Искусственные знаки создаются человеком.
Словесные знаки – это язык, который Шафф ставит на особое место. Примером
несловесных знаков-сигналов может служить ракета, выпущенная, чтобы сообщить,
например, о достижении той или иной группой людей пункта назначения.
Собственно замещающие знаки – это портреты, картины, модели, макеты, фотографии.
Символы – это какие-либо предметы или их изображения, имеющие некоторое
сходство с замещаемыми концептами. Например, фигура богини Фемиды с завязанными
глазами, которая держит весы - символ правосудия, чаша с ядом, обвитая змеей – символ
медицины и т.д.
Примеры социальных символов: иномарка, норковая шуба, собственная вилла –
зажиточность, короткая стрижка – символ «крутизны», длинные волосы у мужчин –
артистическая профессия и т.д. Социальные невербальные символы имеют ярко
выраженную национальную специфику.
Среди несловесных невербальных знаков самую большую группу составляют жесты значимые движения тела. Жесты подразделяются на следующие разряды.
19
Номинативные жесты – их функция заменять,
дополнять или дублировать
вербальные средства. Номинативные знаки используются автономно или вместе с
вербальными средствами (большой палец - отлично, палец к губам - тихо, покручивание
у виска - ненормальный и др.). К номинативным относится и большой разряд изобразительных жестов – их особенность в том, что они передают чувственный образ предмета,
действия (изображение размера, формы, высоты предмета).
Эмоционально- оценочные жесты – выражают оценку чего-либо в ходе общения
(собеседника, его действий, слов, окружающих предметов, событий, третьих лиц) огорченная отмашка рукой, кулак как угроза, руки к груди как знак просьбы и др.
Указательные жесты - выделяют предмет в коммуникативной ситуации, ориентируют
собеседника в пространстве (указание пальцем, ладонью, головой).
Риторические жесты - жесты, которые имеют усилительный характер, усиливают
выражаемое содержание, акцентируют или усиливают отдельные части высказывания,
текста в целом.
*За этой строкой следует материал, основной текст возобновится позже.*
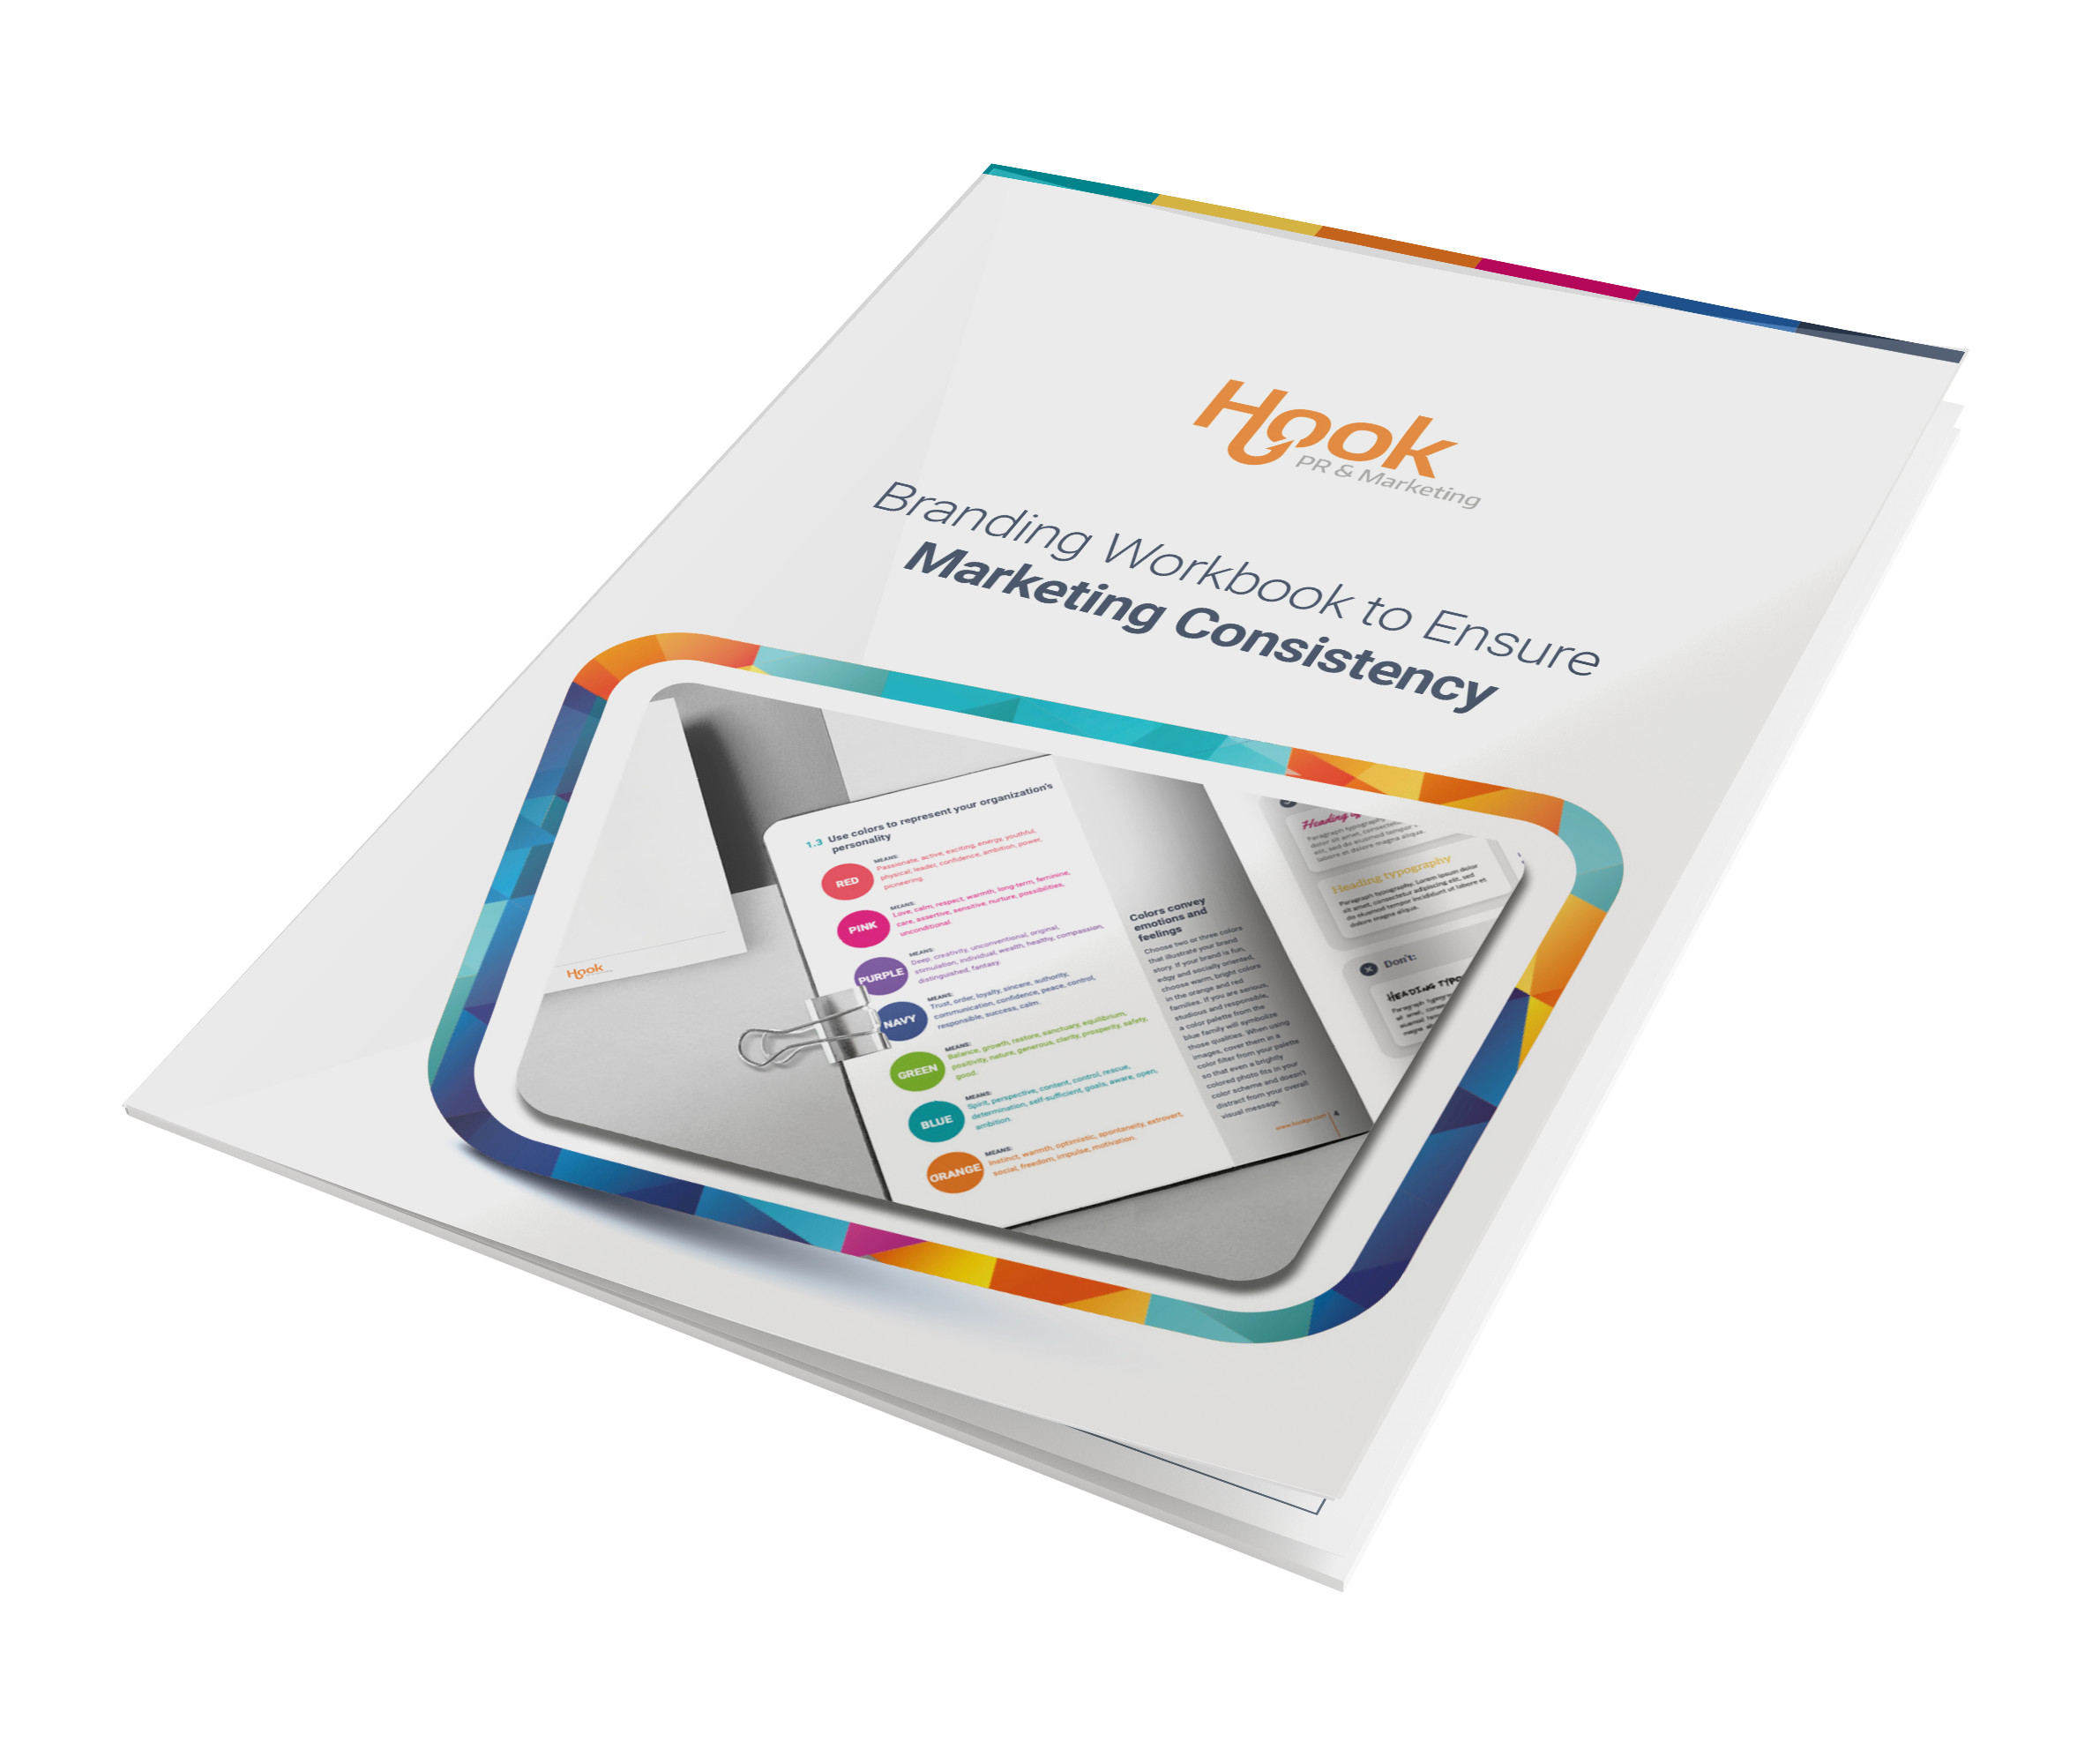 Branding Workbook to Ensure Marketing Consistency

Риторические жесты могут подчеркивать ритмический рисунок
высказывания, подчеркивать коммуникативно значимое членение речи (взмахи рукой,
движение ладоней к аудитории).
Игровые жесты - шуточные, используемые для игры, развлечения (нос, рожки при
фотографировании).
Вспомогательные жесты - жесты, используемые преимущественно в качестве
физической помощи себе или собеседнику в конкретной ситуации (поддержать под руку,
приложить ладонь ко лбу козырьком от солнца).
Магические жесты - жесты, используемые в суеверных, магических целях (скрещение
пальцев, осенение крестом).
Типология Шаффа не является единственно возможной и общепринятой. Много
возражений со стороны других ученых вызывает, в частности, трактовка естественных
признаков как знаков, трактовка собственно замещающих (или иконических) знаков, а
также символов в одном ряду с языковыми знаками.
Взаимные отношения разных типов знаков в человеческой коммуникации подробно
рассмотрел Леонард Иванович Ибраев, который считает знаками только вещи, специально
для этого созданные людьми. Другие вещи, которые существуют сами по себе, но могут
использоваться как знаки (ориентиры, симптомы, показатели, приметы), Ибраев называет
признаками. Признаки вызывают у человека образы других вещей рефлекторно и
ассоциативно. Знаки - это тоже признаки, но они создавались специально, чтобы быть
знаками. Никакой другой ценности они не имеют и вне знаковой функции не существуют.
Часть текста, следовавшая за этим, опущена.